Cognitive Hubris and Government Intervention

December 8th, 2011

The cognitive biases documented by Kahneman have been interpreted by a number of thinkers, including Kahneman himself, as providing a justification for government intervention. After all, if people are far from the well-informed, rational calculators assumed in economic models, then presumably the classical economic analysis underlying laissez-faireeconomic policy is wrong. Instead, it must be better to “nudge” people for their own good.7

However, I draw different implications from the hypothesis of cognitive hubris combined with radical ignorance. If social phenomena are too complex for any of us to understand, and if individuals consistently overestimate their knowledge of these phenomena, then prudence would dictate trying to find institutional arrangements that minimize the potential risks and costs that any individual can impose on society through his own ignorance. To me, this is an argument for limited government.

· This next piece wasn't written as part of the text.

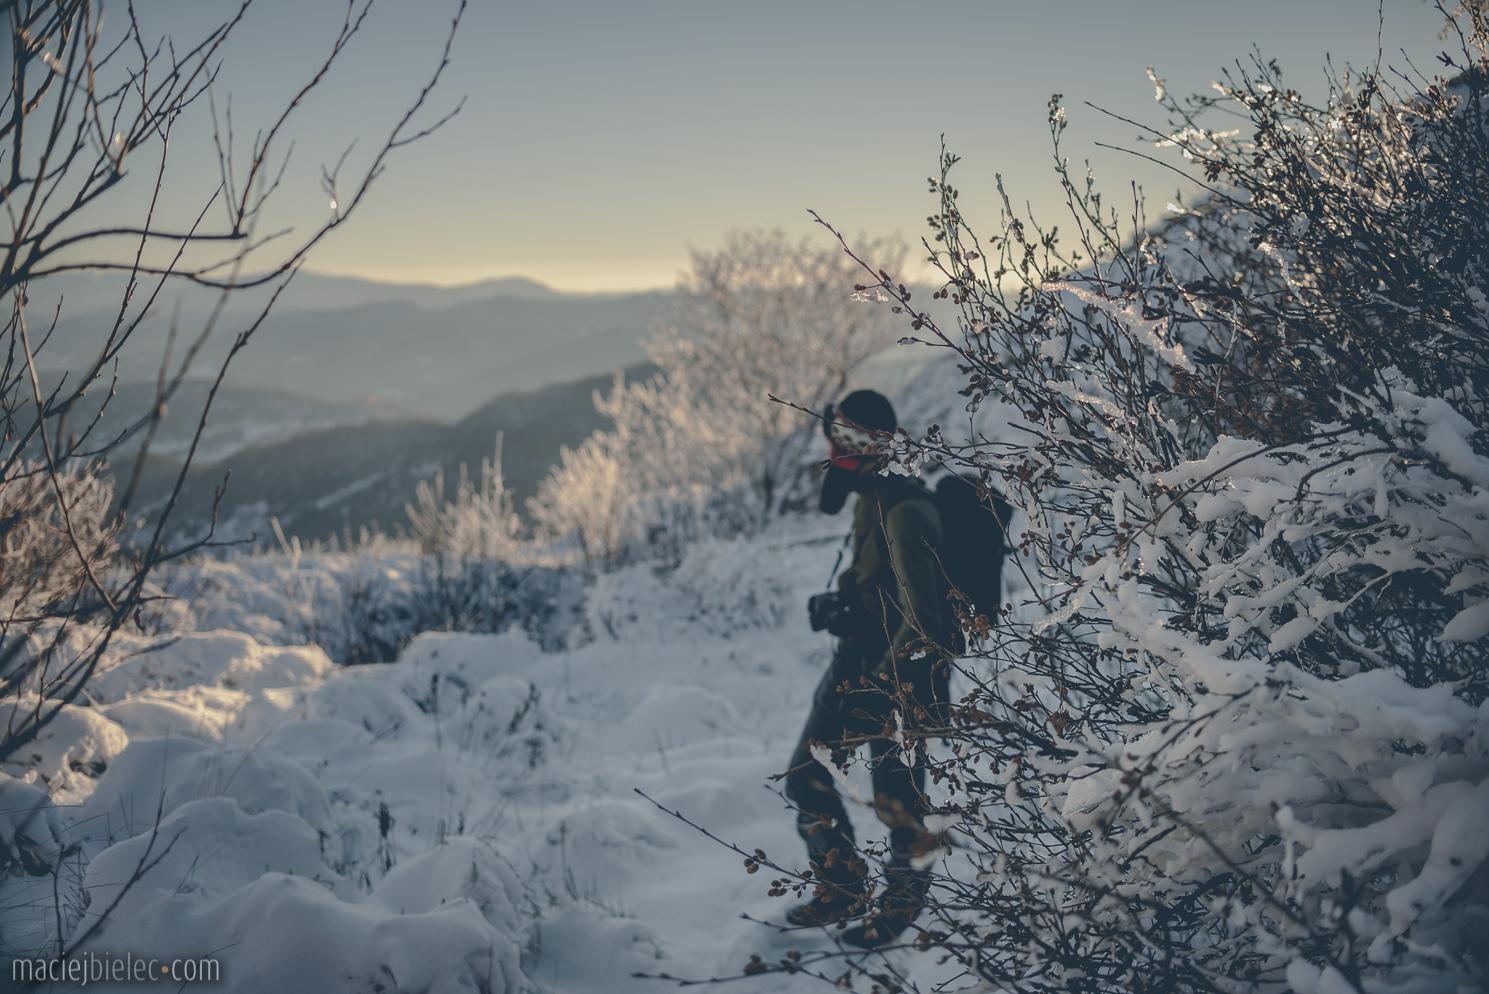 Podejście na Rozsypaniec zimą

Instead of using government to consciously impose an institutional structure based on the maps of cognitively impaired individuals, I would prefer to see institutions evolve through a trial-and-error process. People can be “nudged” by all manner of social and religious customs. I would hope that the better norms and customs would tend to survive in a competitive environment. This was Hayek’s view of the evolution of language, morals, common law, and other forms of what he called spontaneous order. In contrast, counting on government officials to provide the right nudges strikes me as a recipe for institutional fragility.

If Kahneman is correct that we have “an almost unlimited ability to ignore our own ignorance,” then all of us are prone to mistakes. We need institutions that attempt to protect us from ourselves, but we also need institutions that protect us from one another. Limited government is one such institution.

Arnold Kling hits on the head my sense of why Sunstein/Thaler’s Nudge is off. Humans who are fallible and make bad choices don’t shed that inadequacy when they enter government–except now the decision of bureaucrats implicate many others.